*Required action:*
Keep the images out and set the listing below down word for word.

*Provided material:*
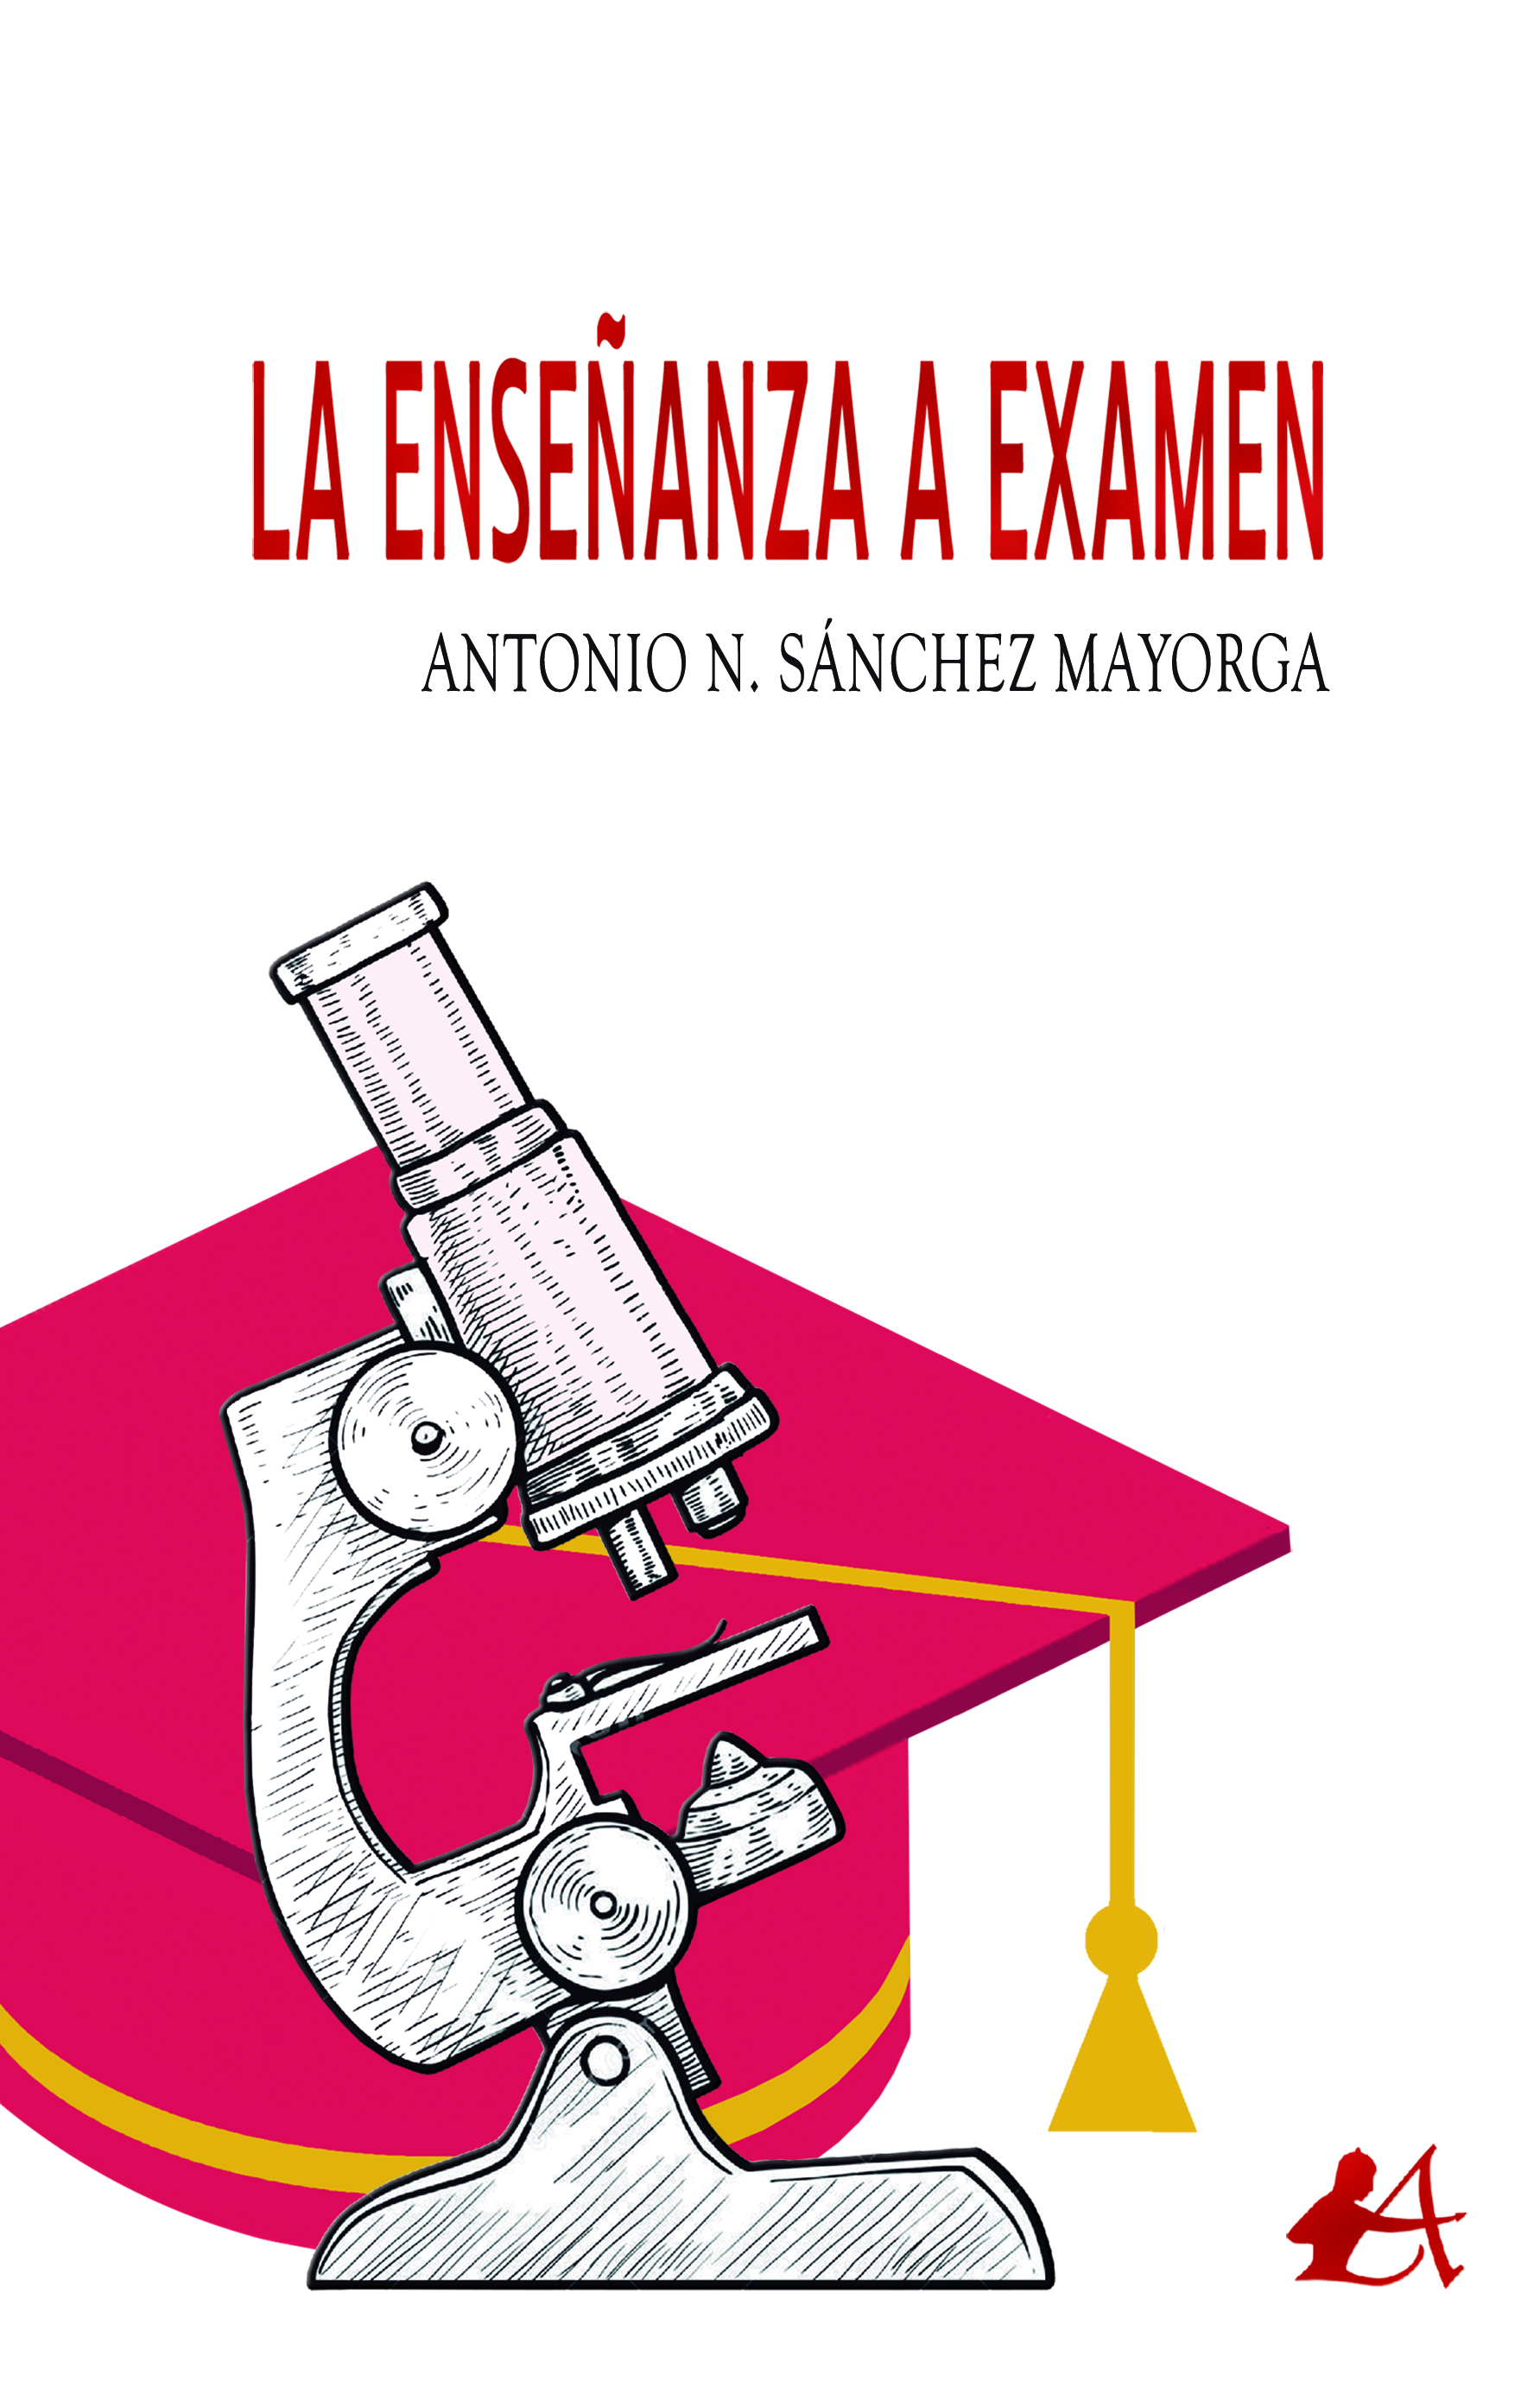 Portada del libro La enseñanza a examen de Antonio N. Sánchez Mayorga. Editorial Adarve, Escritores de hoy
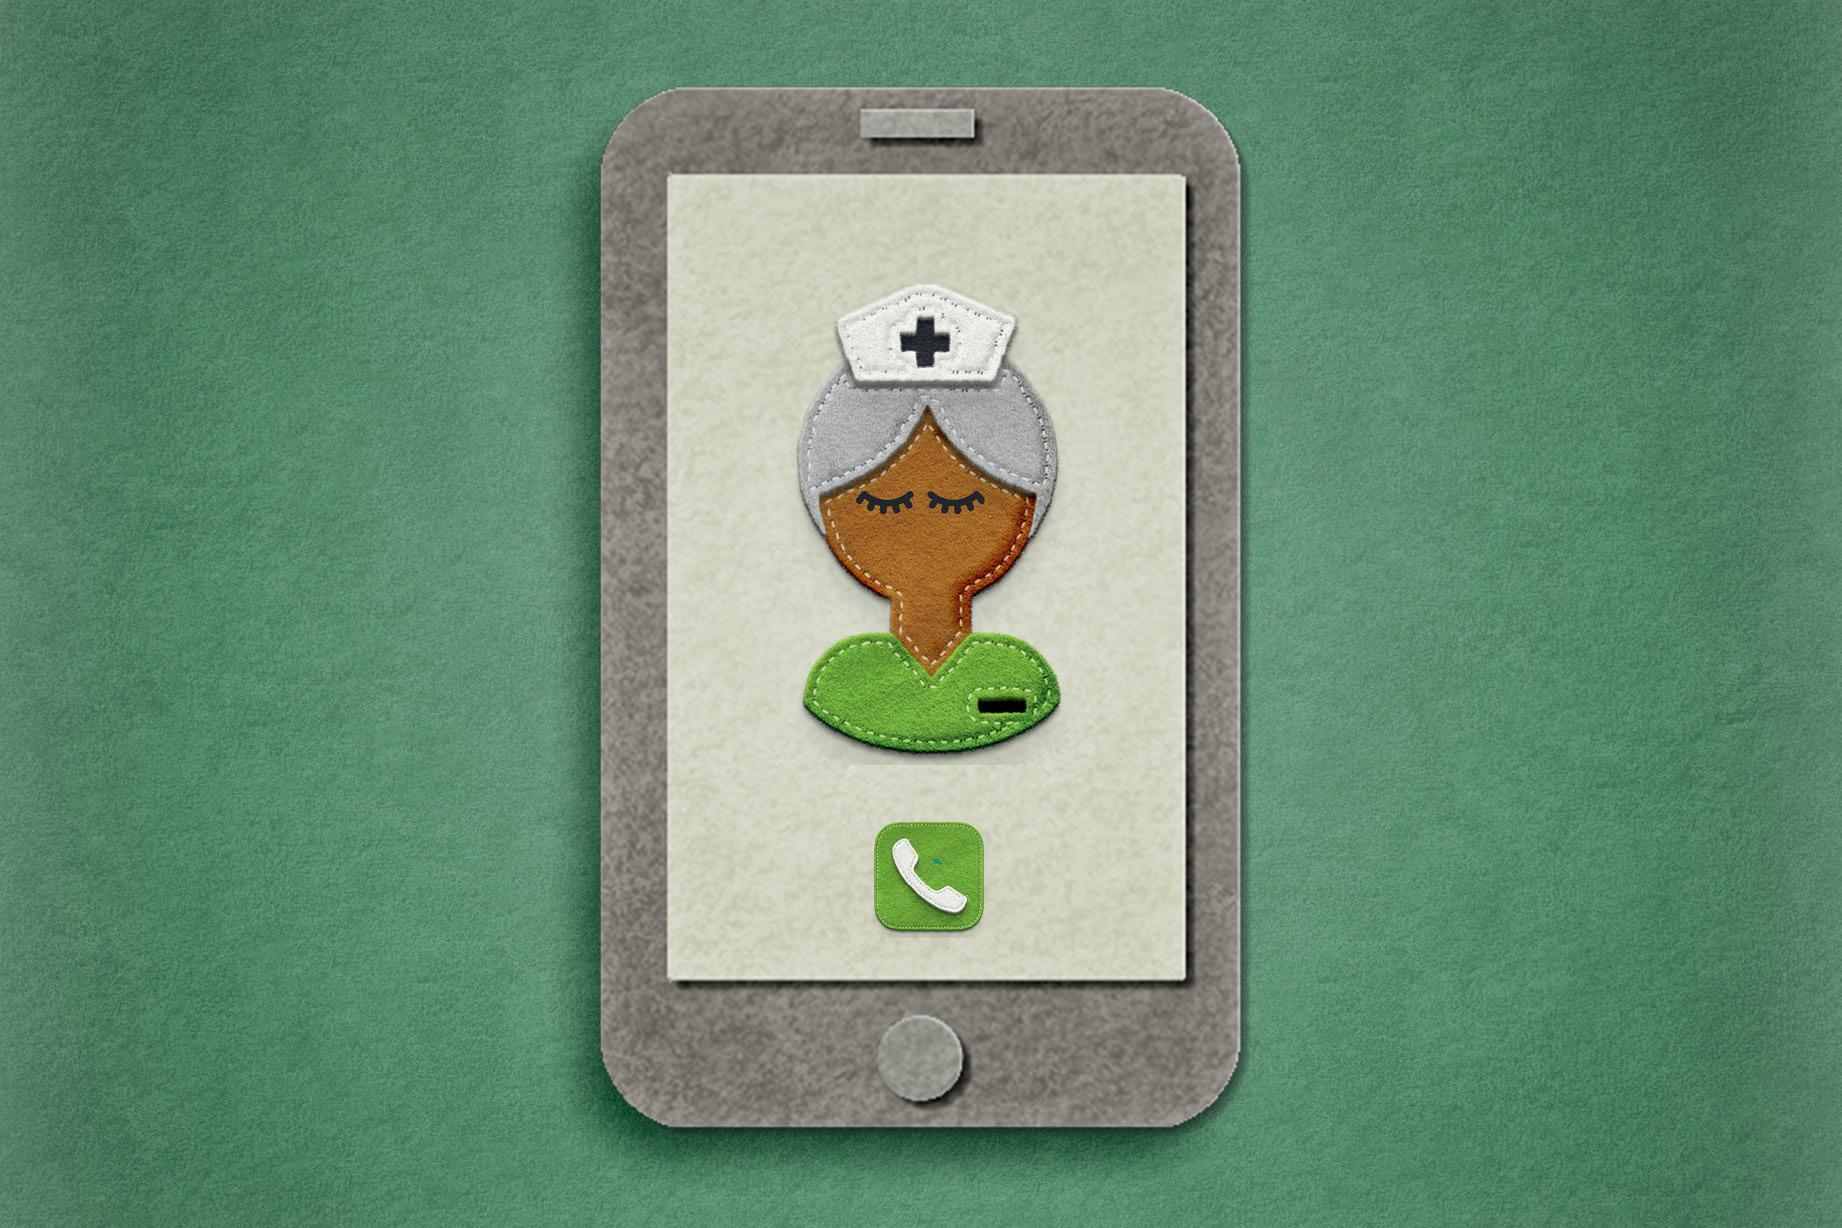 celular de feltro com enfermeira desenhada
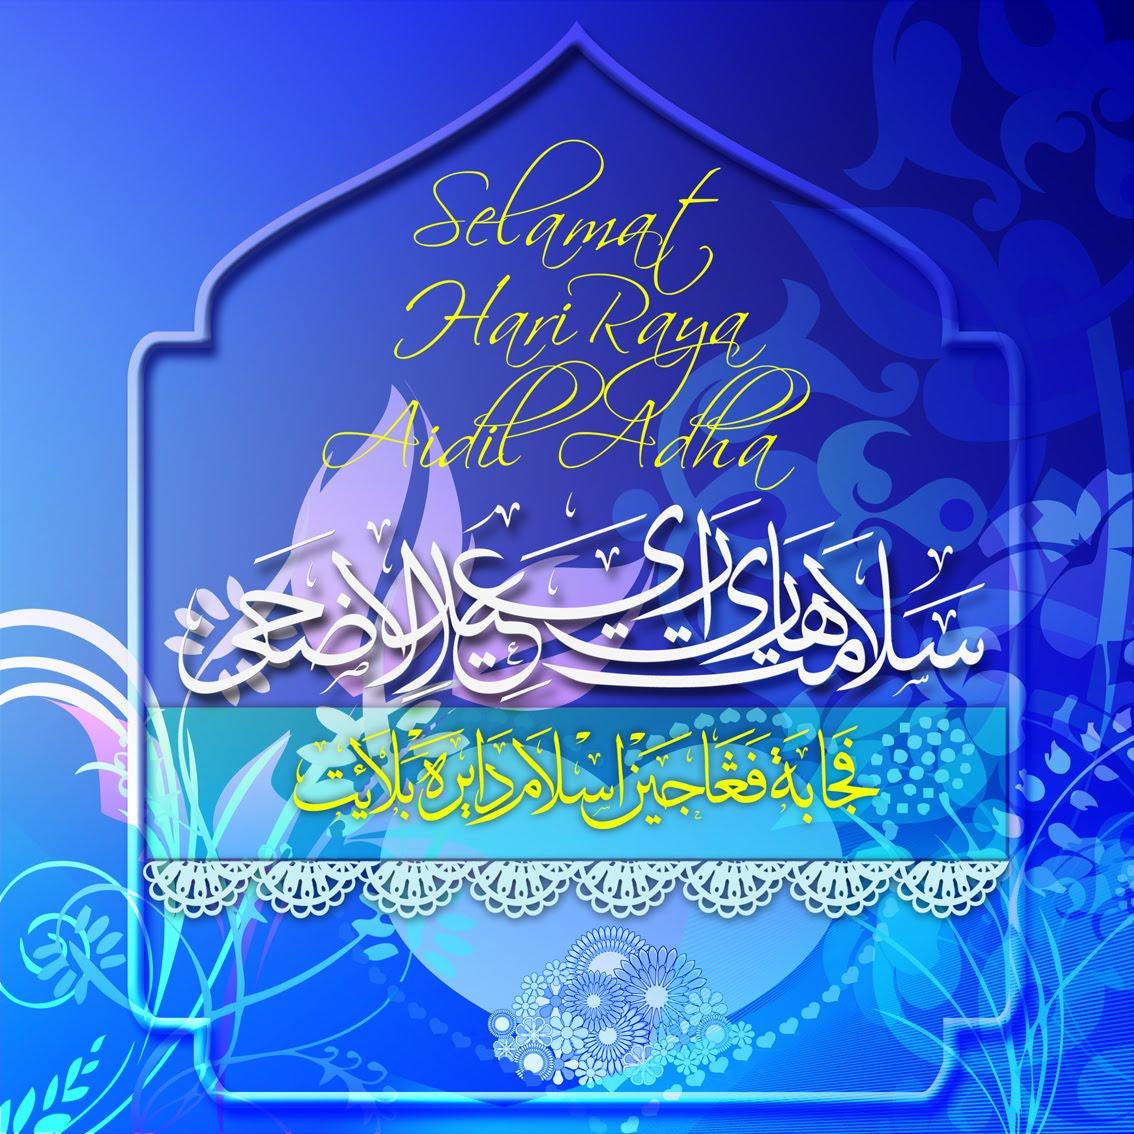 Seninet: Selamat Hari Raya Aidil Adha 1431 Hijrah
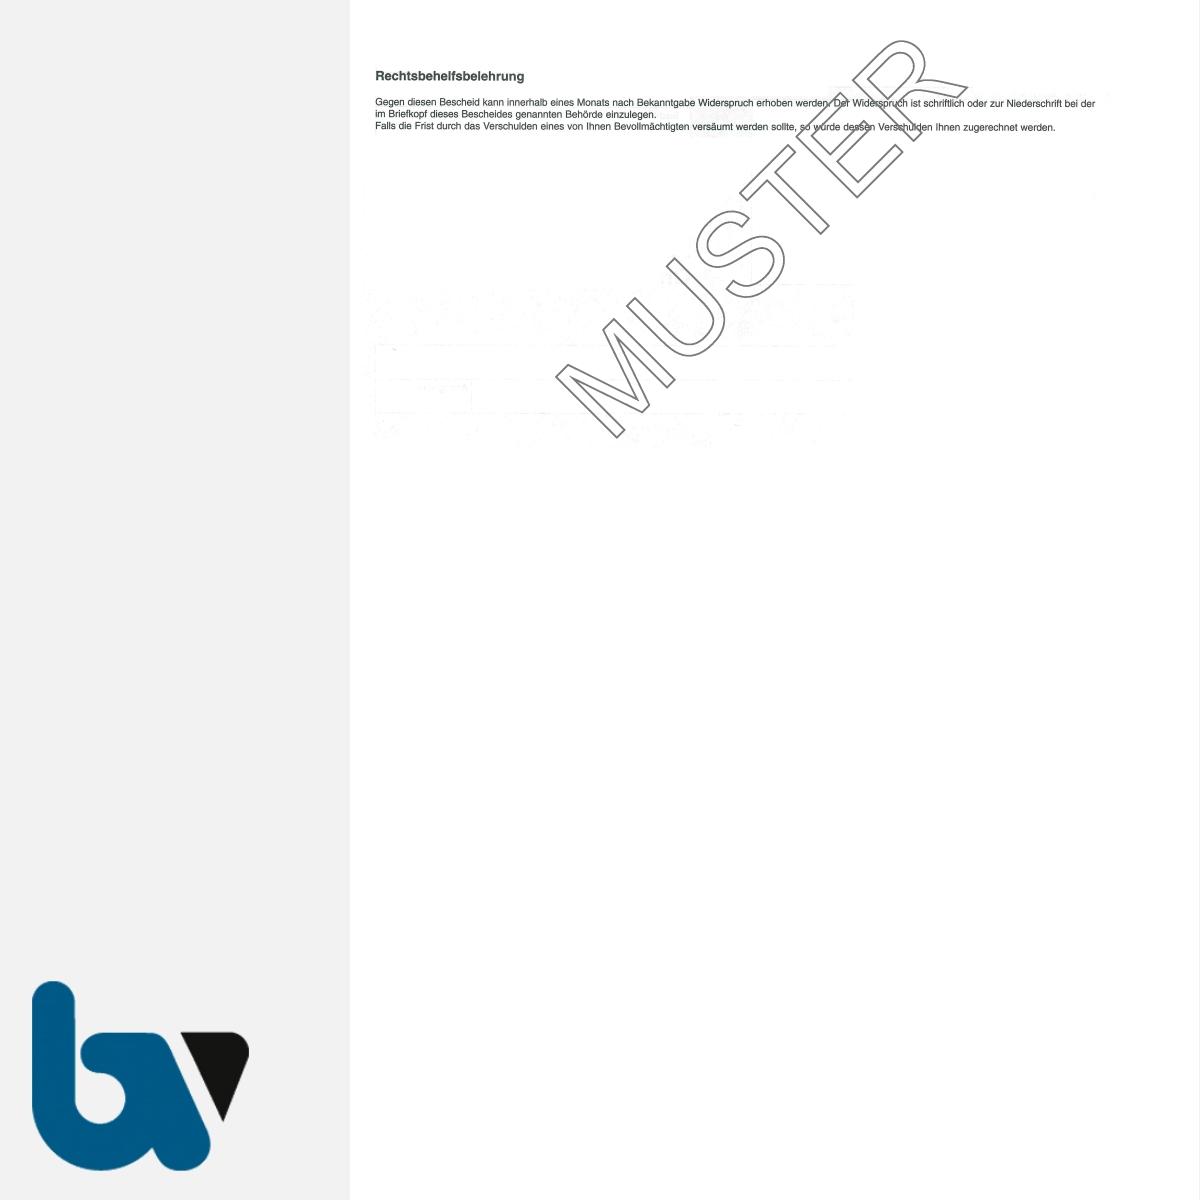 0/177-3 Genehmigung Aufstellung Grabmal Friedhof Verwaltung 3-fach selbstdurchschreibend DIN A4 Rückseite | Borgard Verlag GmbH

*Output:*
 Portada del libro La enseñanza a examen de Antonio N. Sánchez Mayorga. Editorial Adarve, Escritores de hoy
 celular de feltro com enfermeira desenhada
 Seninet: Selamat Hari Raya Aidil Adha 1431 Hijrah
 0/177-3 Genehmigung Aufstellung Grabmal Friedhof Verwaltung 3-fach selbstdurchschreibend DIN A4 Rückseite | Borgard Verlag GmbH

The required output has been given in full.